Like that nice wine I hope you grant yourself, some things grow in value as they age. Even if your kids never feel a pull to revisit their own pasts, the next generation will love mementos such as
autograph books from the 1940s, signed by family and friends,
high school newspaper articles written by the 1950s teenager who aspired to be a journalist,
baby pics and posed family portraits.
I’m glad somebody saved these snapshots of my parents’ lives. They shine even more brightly because they’re not buried in an overwhelming deluge of miscellaneous stuff.
I suppose the trick is to curate rather than collect.
Yes! Curate! As you know, I’ve given this a ton of thought since I wrote KEEPSAKE.
Nowadays, with digital photos being so easy to take and cheap to store, we’ve parted with a lot of things by taking a picture and making it just that much easier to surrender the physical thing.
(Don’t ask me how likely it is anyone will find those photos again or even look at them….)
The proverbial ‘test of time’ is a powerful sorter of priorities. Largely because, across wider stretches, it’s WE who change, and the blank, unchanging stare of mere stuff we’ve accumulated reflects that back at us. At the same time, to our core selves, it’s we who are constant presences, a thread that runs through whatever massive changes we may have actually undergone. Is your ‘I’ at 70* really different from who he/she was at 20? Gotta say ‘sure’ and ‘no way’ to that. At the same time.
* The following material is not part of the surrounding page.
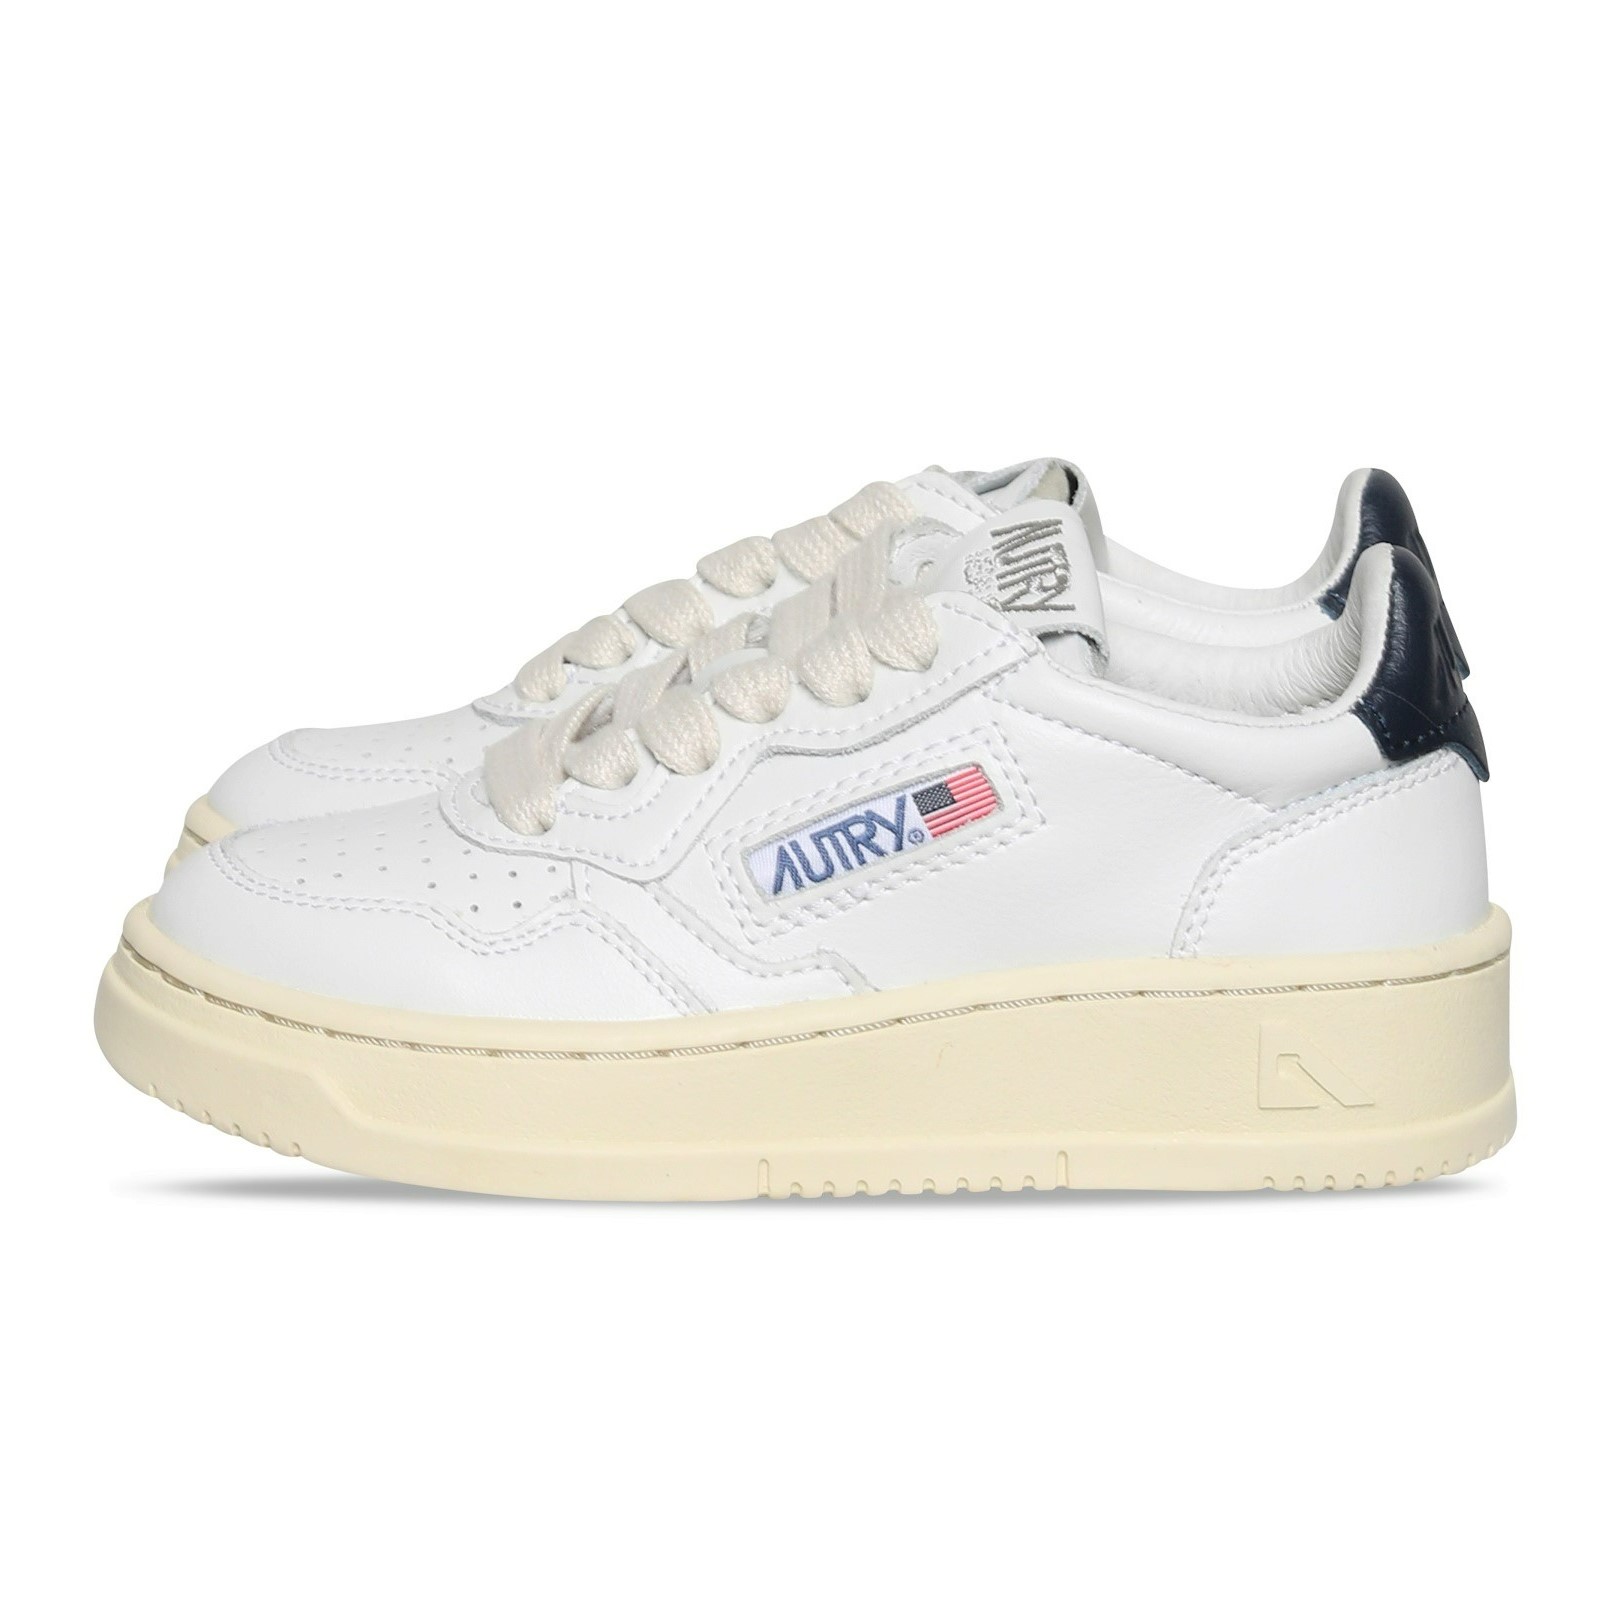 -Kids- Autry Action Shoes Low Sneaker in White/Blue 27

Logical consistency on this one is for the faint of heart.
*Neither of us quite there yet, but (I observe a little indelicately) it’s coming–cf. Ballard’s ‘The Garden of Time’: the story, not its recent dumb Met Gala travesty . . .
I’ve “curated” my kids things into big Rubbermaid totes… one for each! When they come to visit we sometimes go through them and they will randomly take a letterman jacket or a yearbook home with them but, the tote remains in storage at our house UGH! when they were starting their big kid life no one had storage and only took from the house what they wanted at the time and said get rid of the rest!!! Now when they realize I have some treasures they will randomally go shopping in the bins for retrieval of their stuff! So, curate …
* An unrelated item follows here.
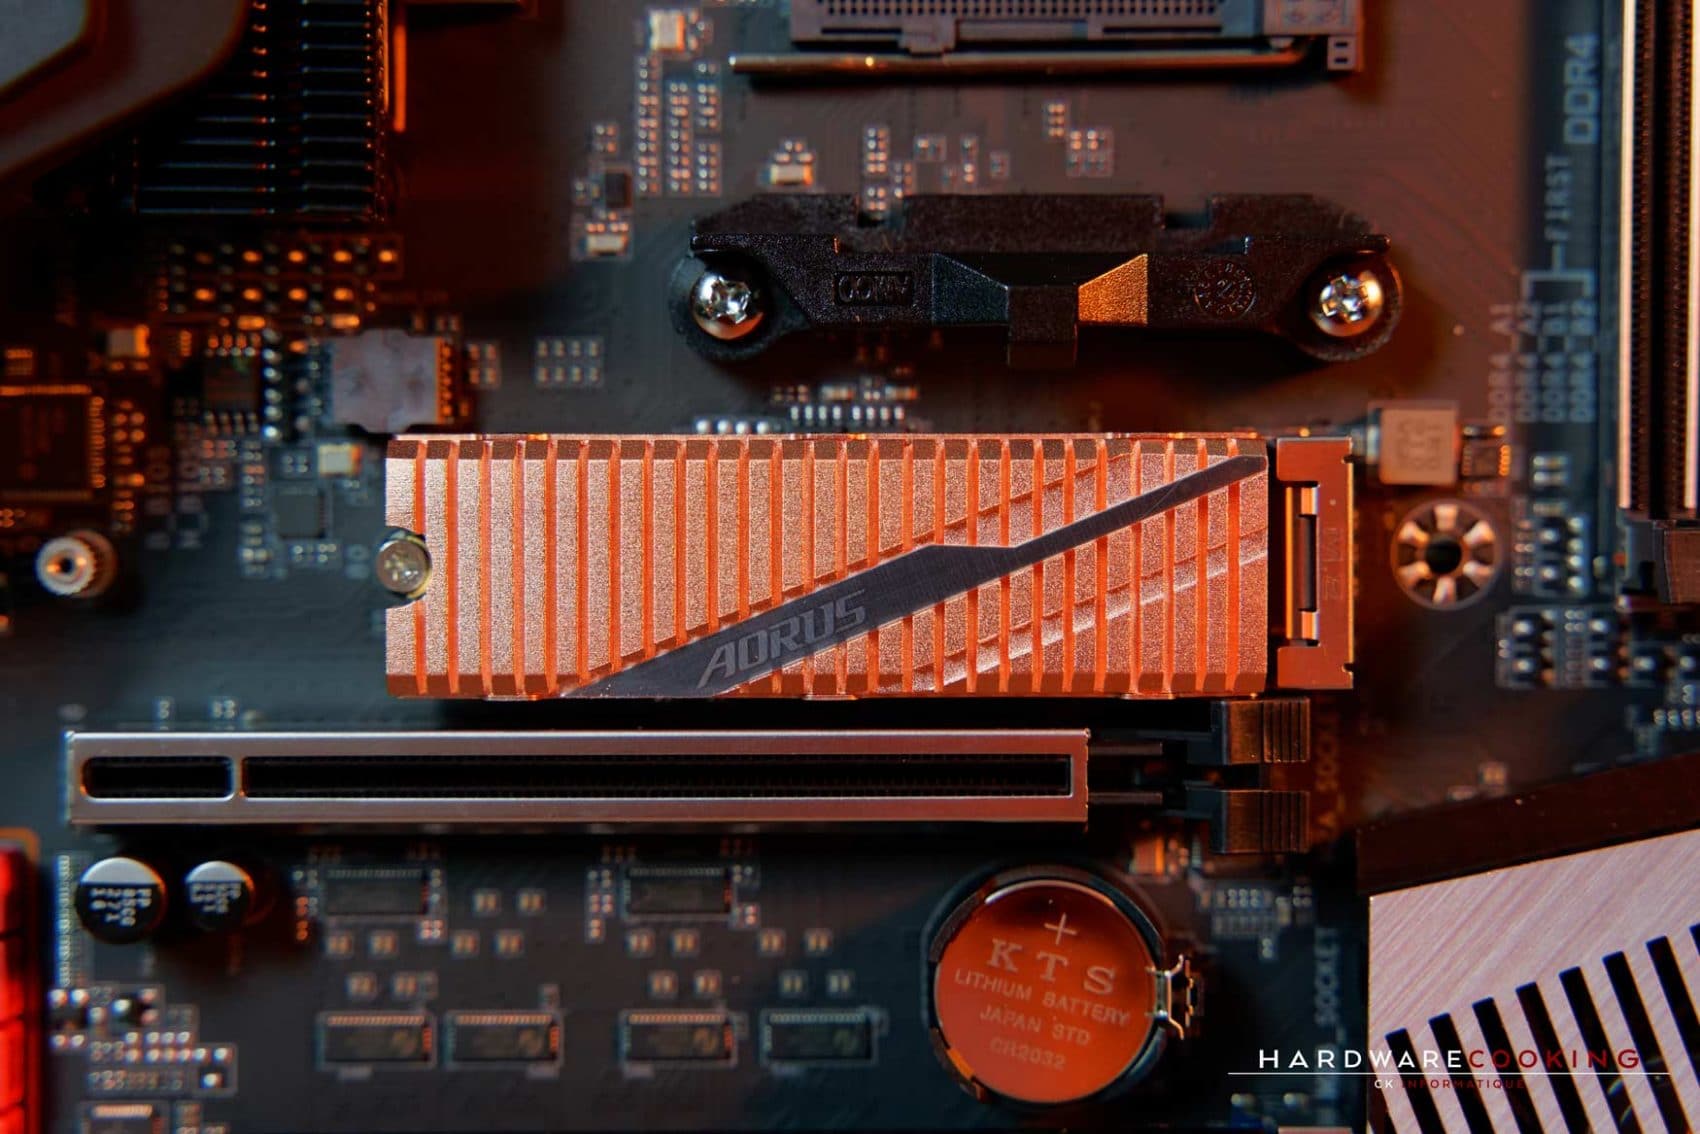 Test SSD Gigtabyte AORUS NVMe Gen4 1 To

Kristina, I agree that certain objects are prime for digital storage. And, yes, knowing that keepsakes are stored somewhere else makes it easier to part with the object itself. But for me, the same problem might still exist, because in my mind, the internet itself feels cluttered. How do you find what you want to see? Would my stuff simply become a virtual heap instead of a physical one? Plus, so many mementos require touch. Beyond all this, though, even the historian in me recognizes that subsequent generations will be/are far more cyberspace-oriented, and this could be their perfect solution.
True, Bob, and as we change, so does the message of memory we want to share with future generations. We also can’t control what our kids will remember and/or what they will consider important. Events in our children’s lives that seem so very important to us may turn out to be a footnote to them.
Michelle. You lost me at “one [tote] for each.” I bow to your efficiency! You are a natural-born curator. I’d give you a trophy, but it would only become one more thing that needs a place to live.